- **WORK REQUEST**
Pictures do not belong in the copy. Output exactly the lines from the one containing "Rabatt echte Schuhe" to the end of the listing below.

- **GIVEN INFORMATION**
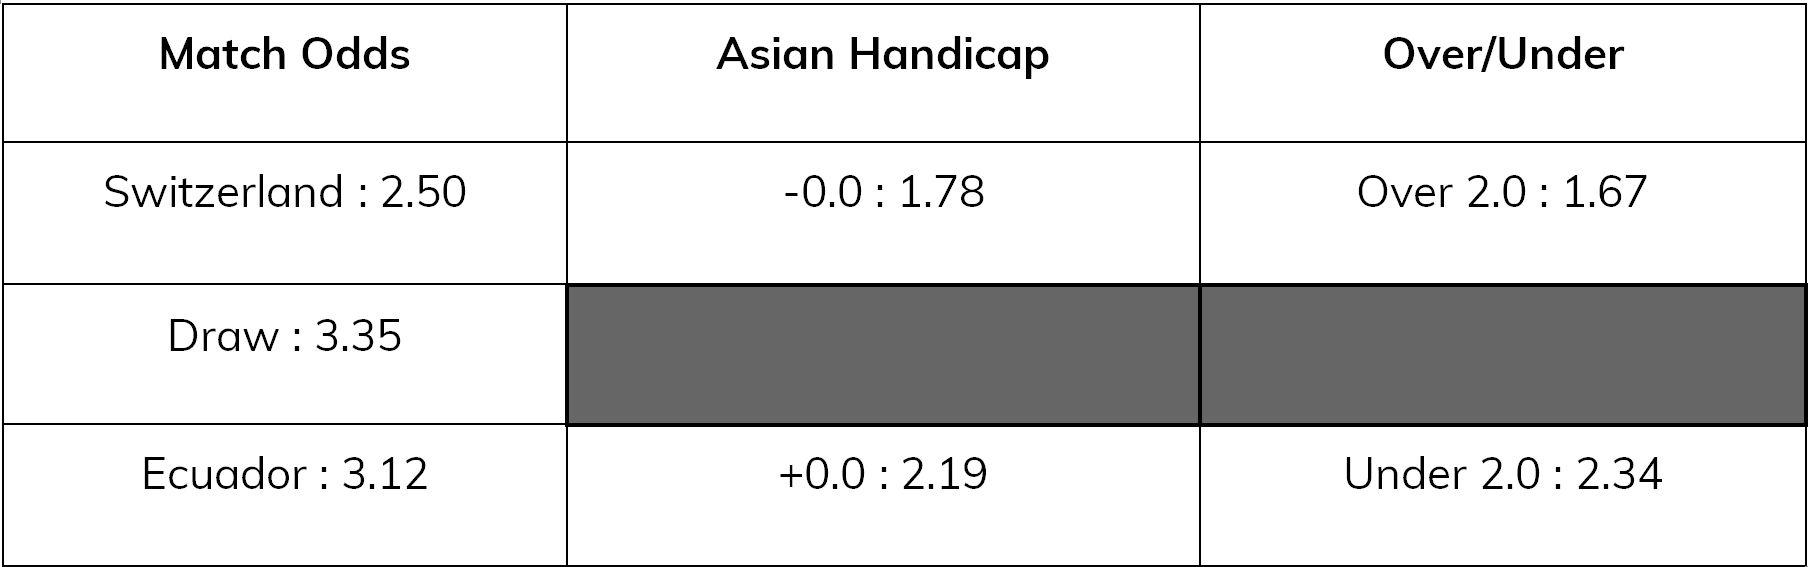 serbia-v-switzerland-asian-handicap-eastbridge7
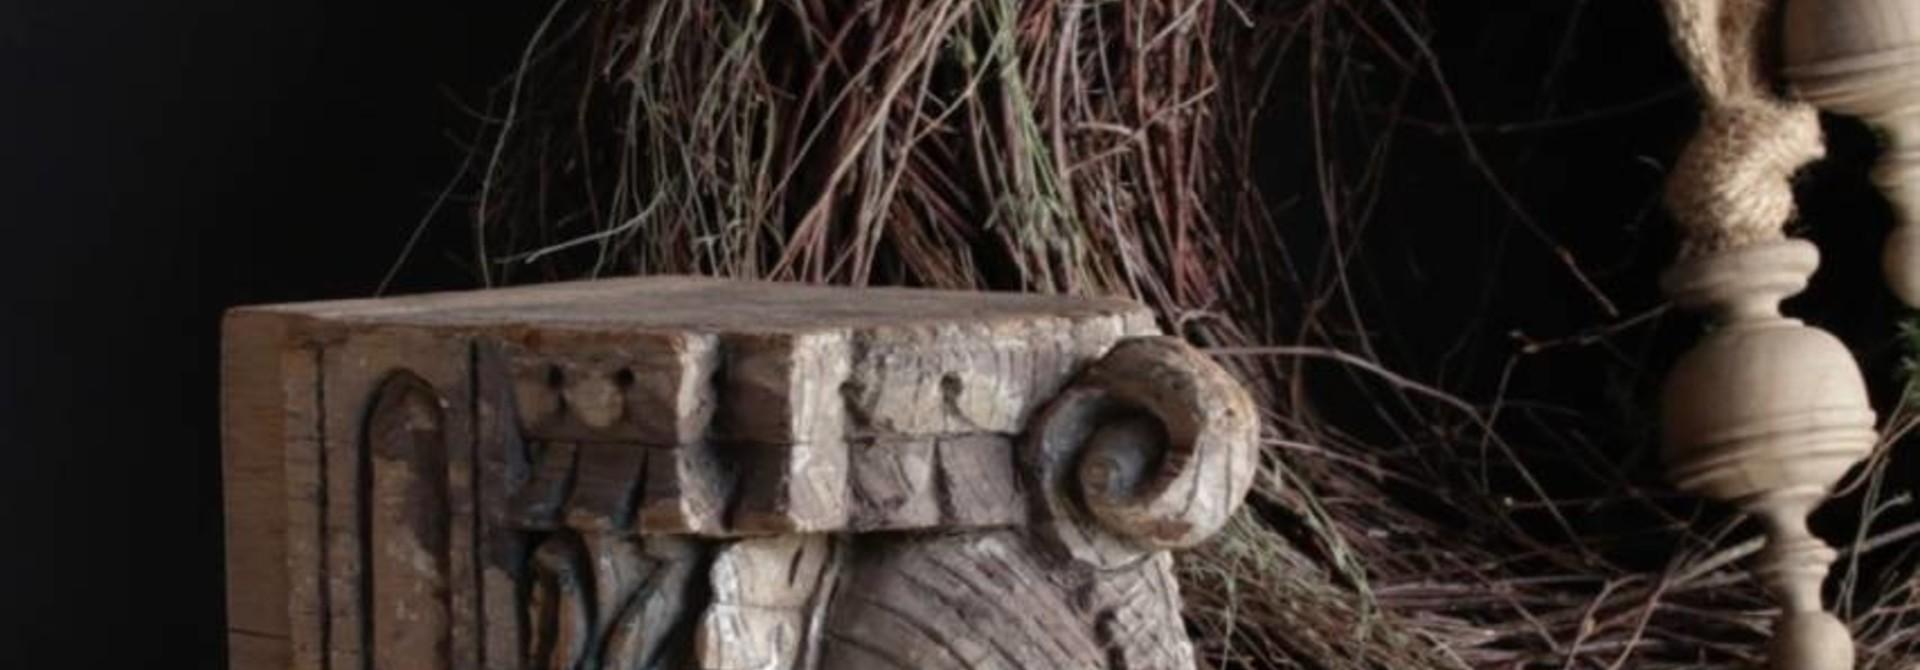 Indischer Elefant Ornament auf Stahlbasis
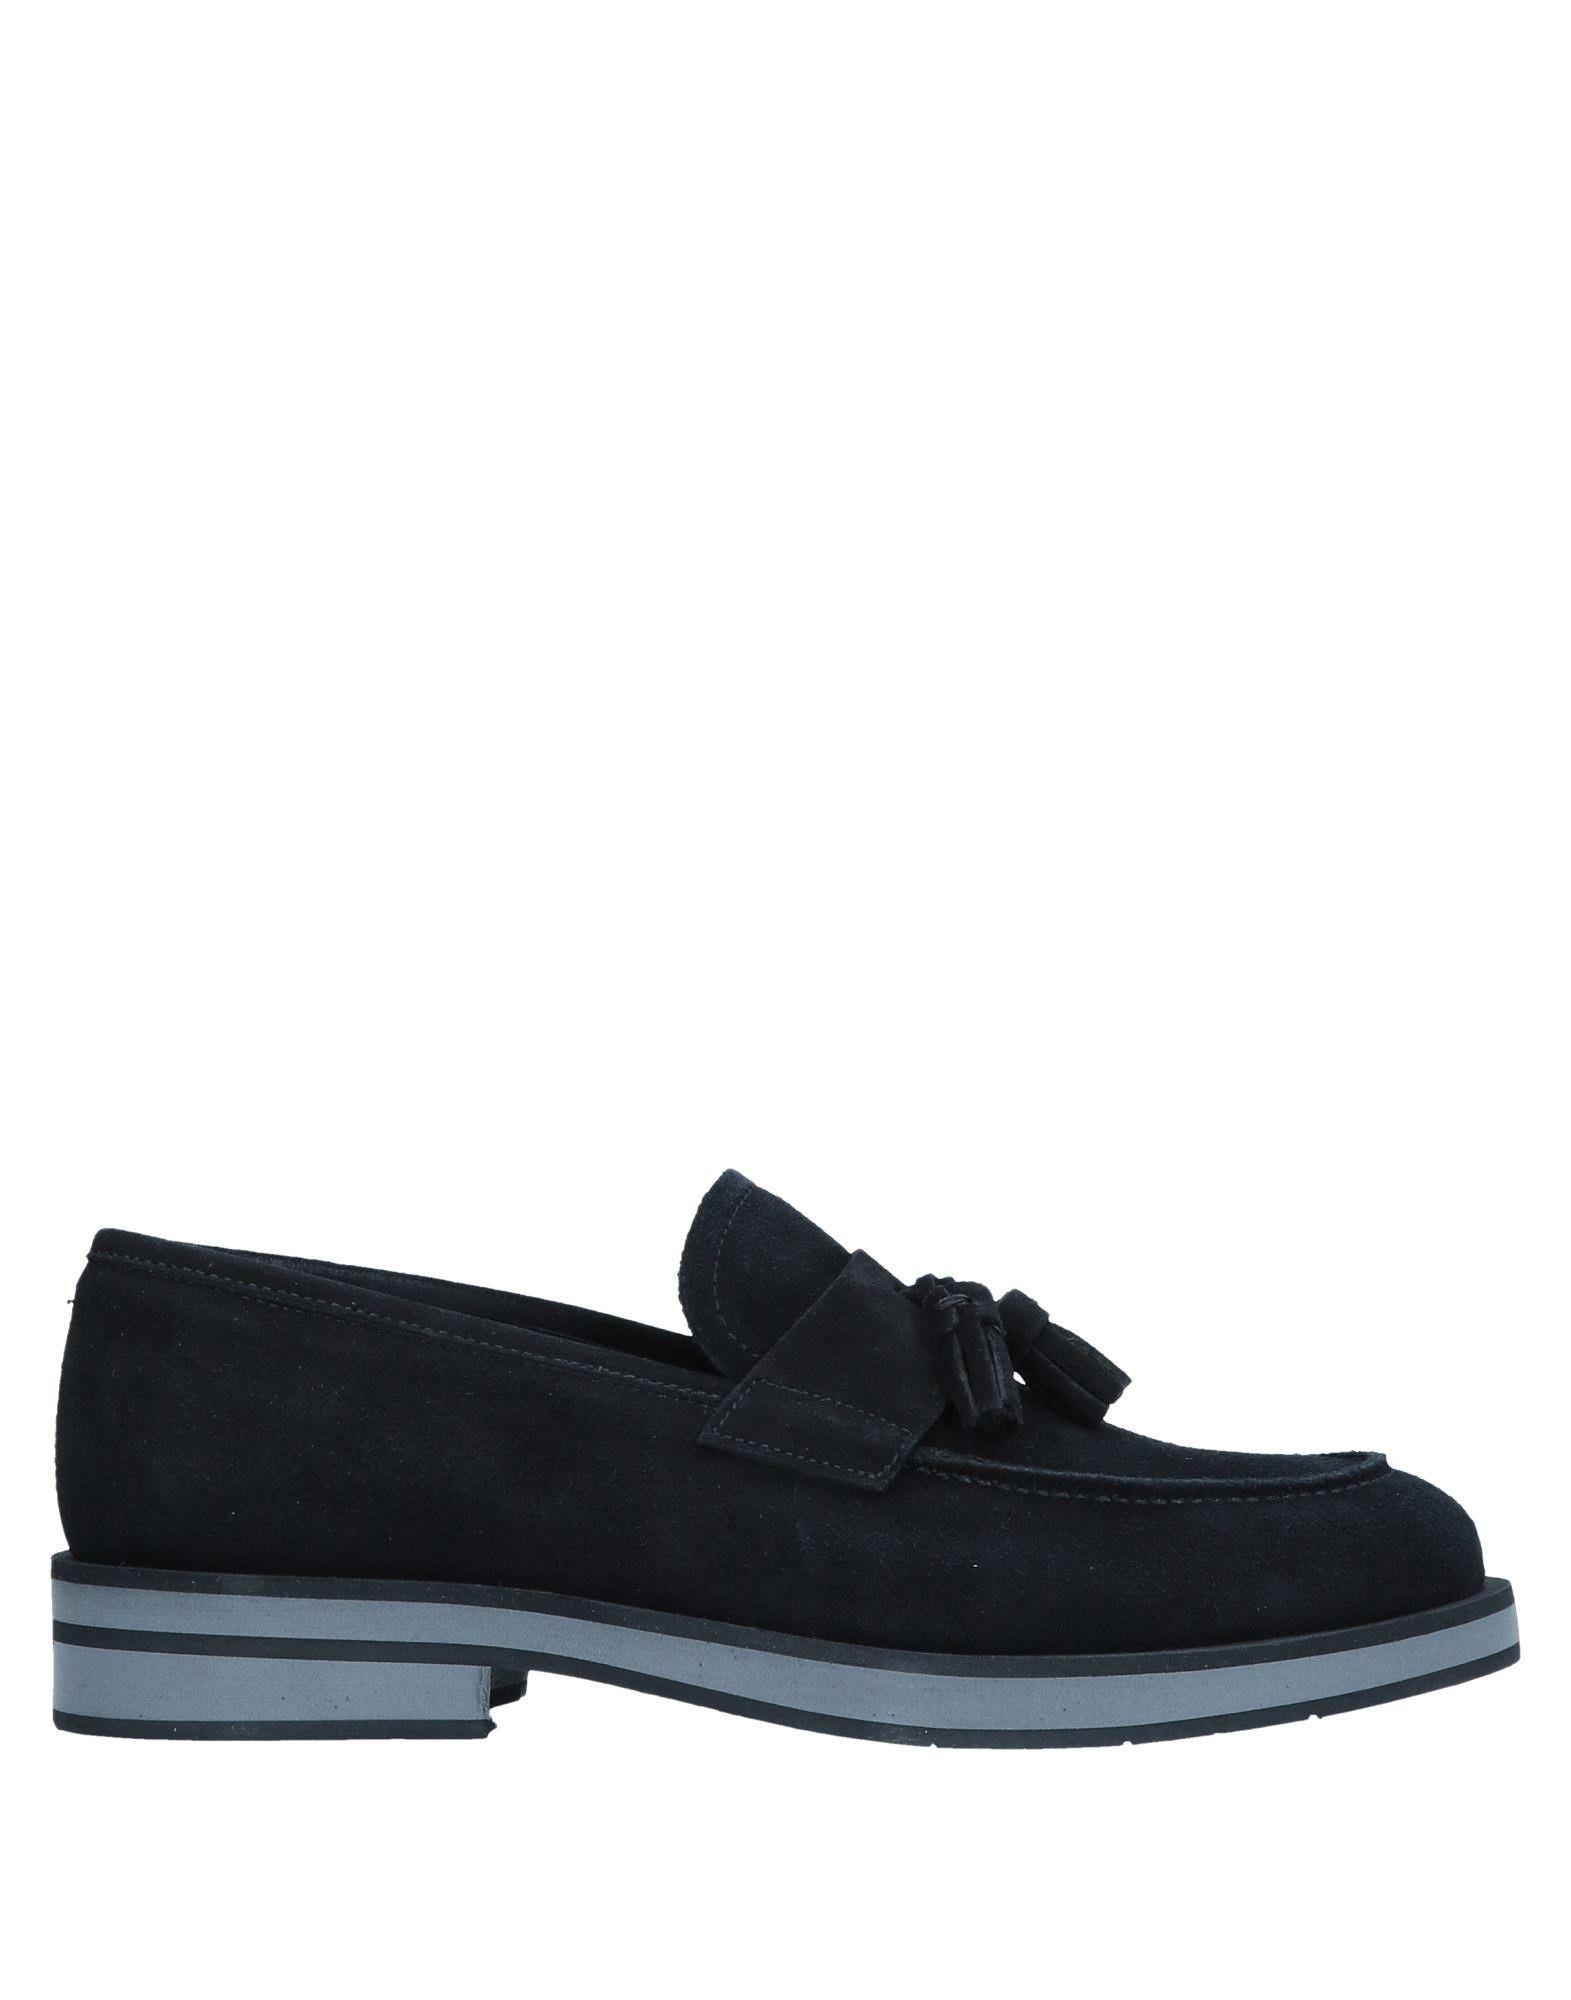 Rabatt echte Schuhe Marechiaro 1962 Mokassins Herren  11548458MW
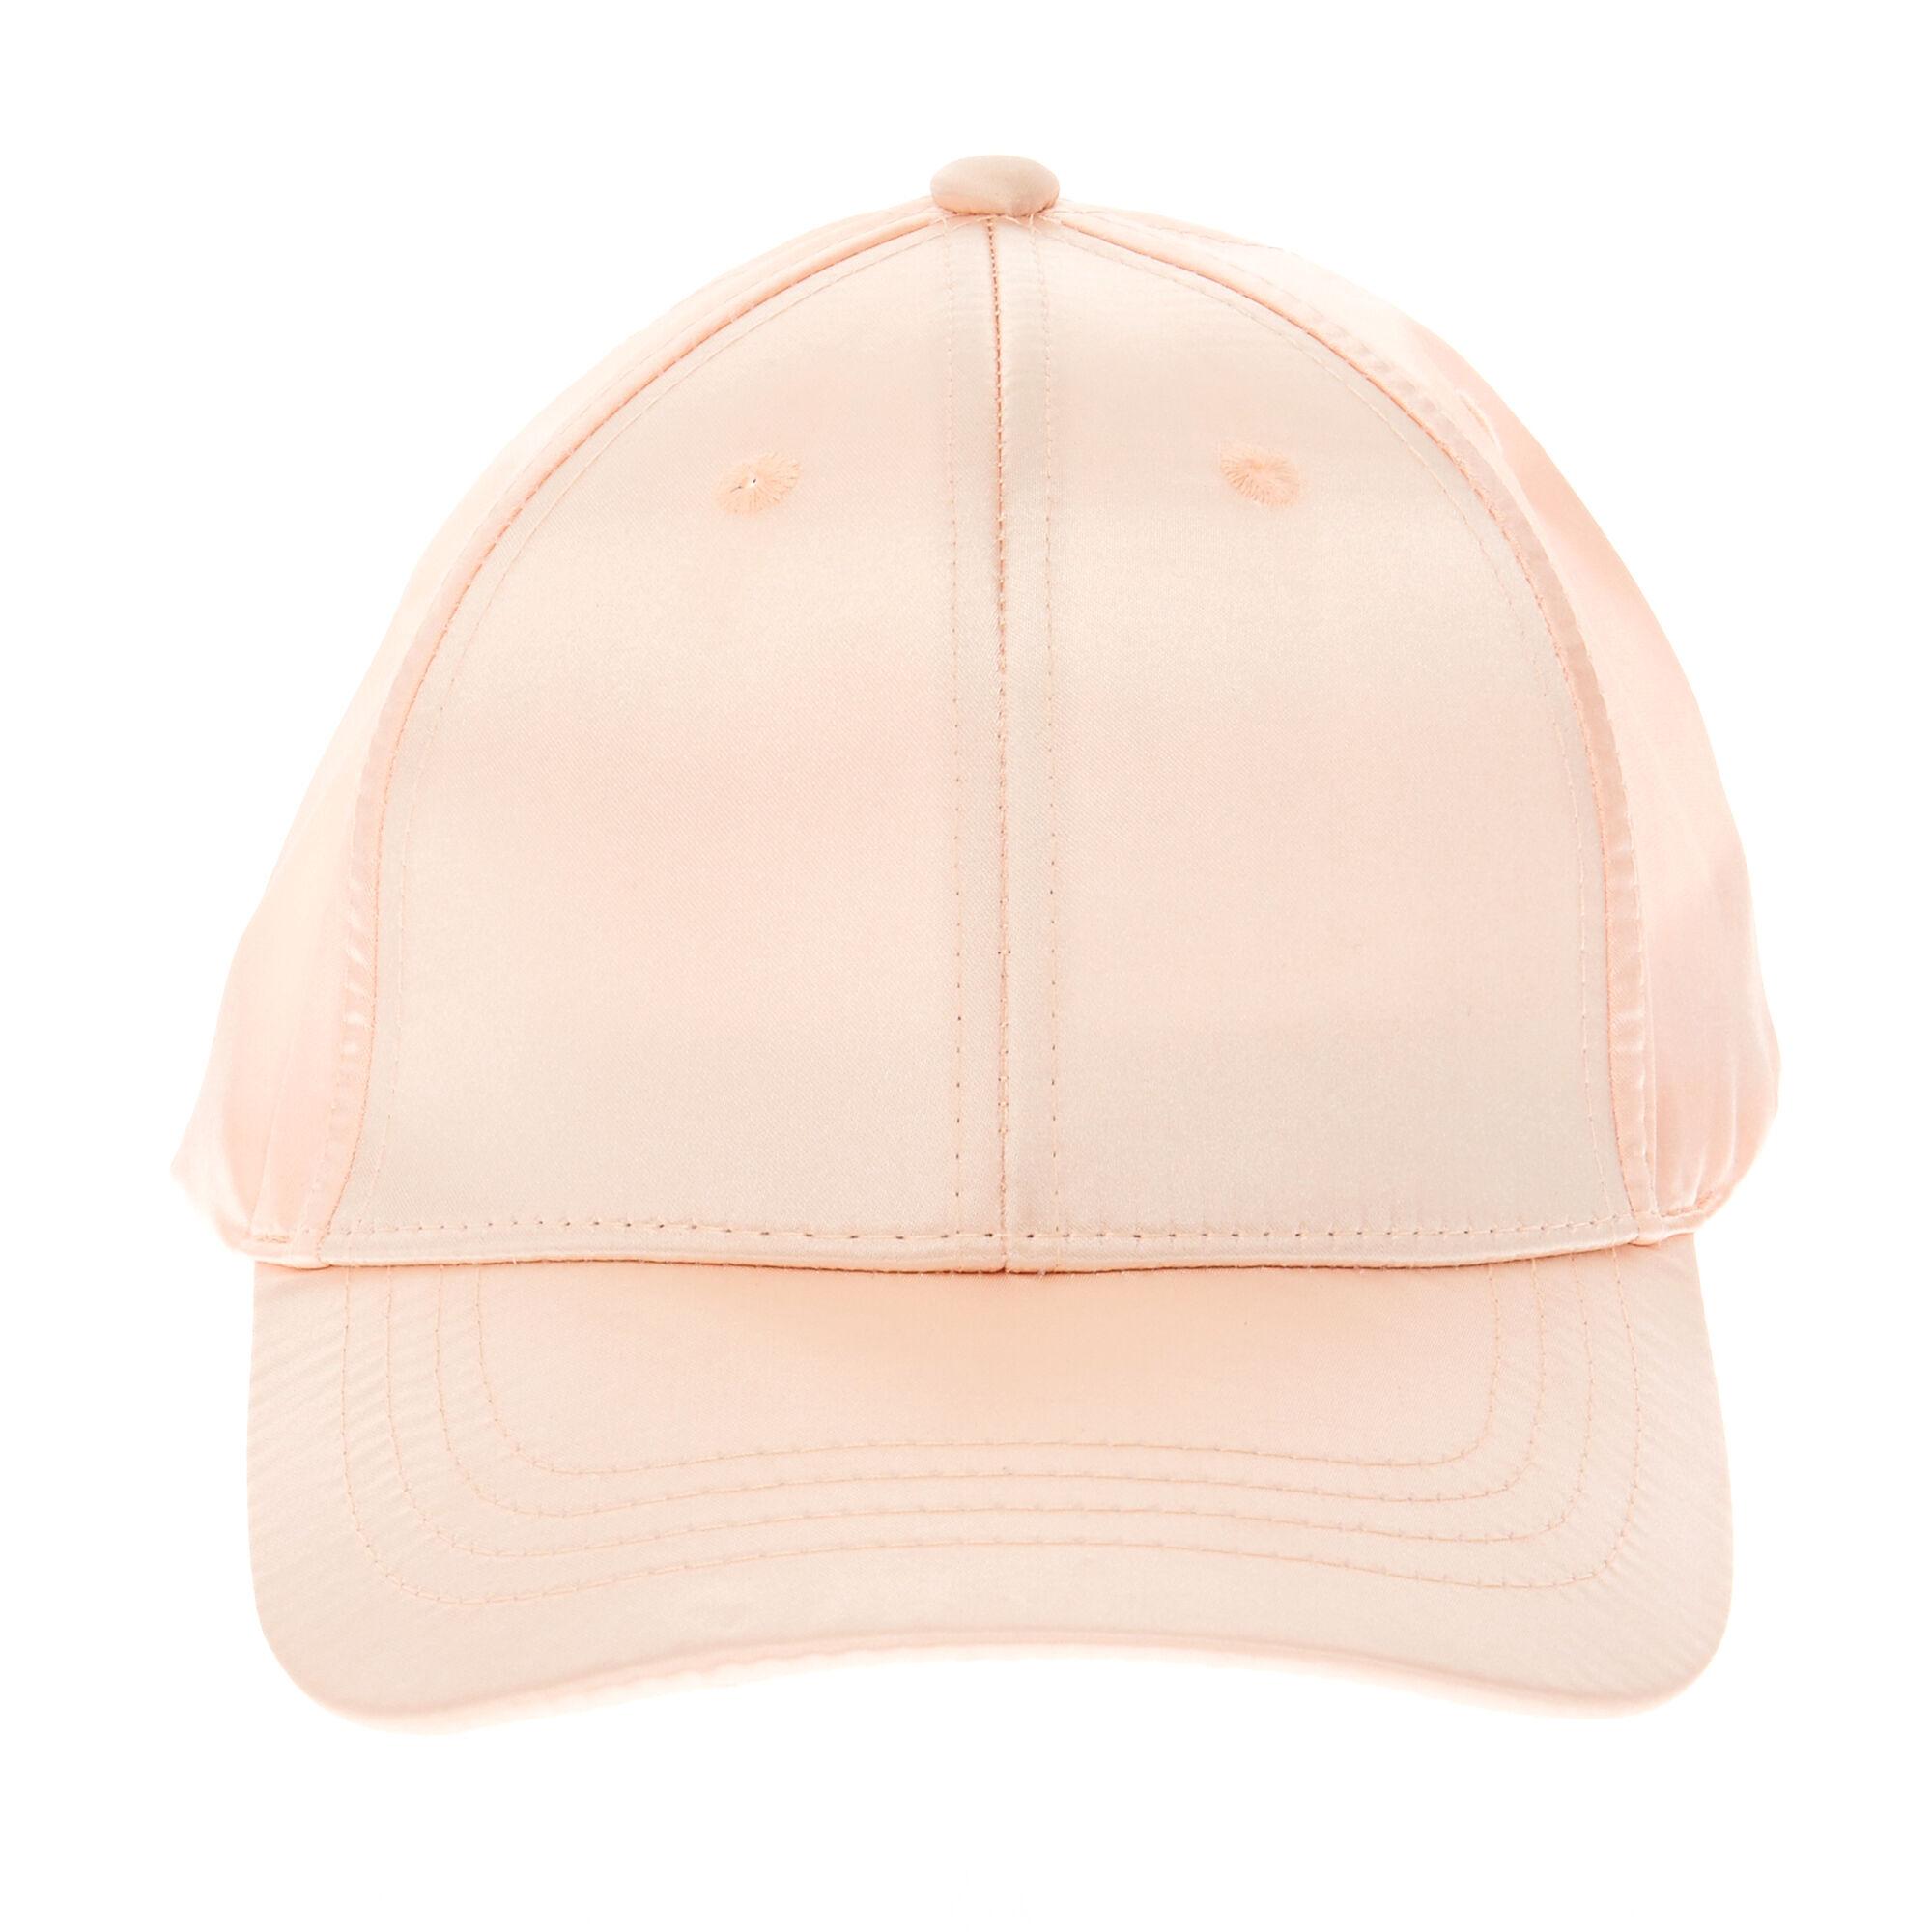 a3a96d99fd3 ... Pink Blush Satin Baseball Cap

- **RESULT**
 Rabatt echte Schuhe Marechiaro 1962 Mokassins Herren  11548458MW
 a3a96d99fd3 ... Pink Blush Satin Baseball Cap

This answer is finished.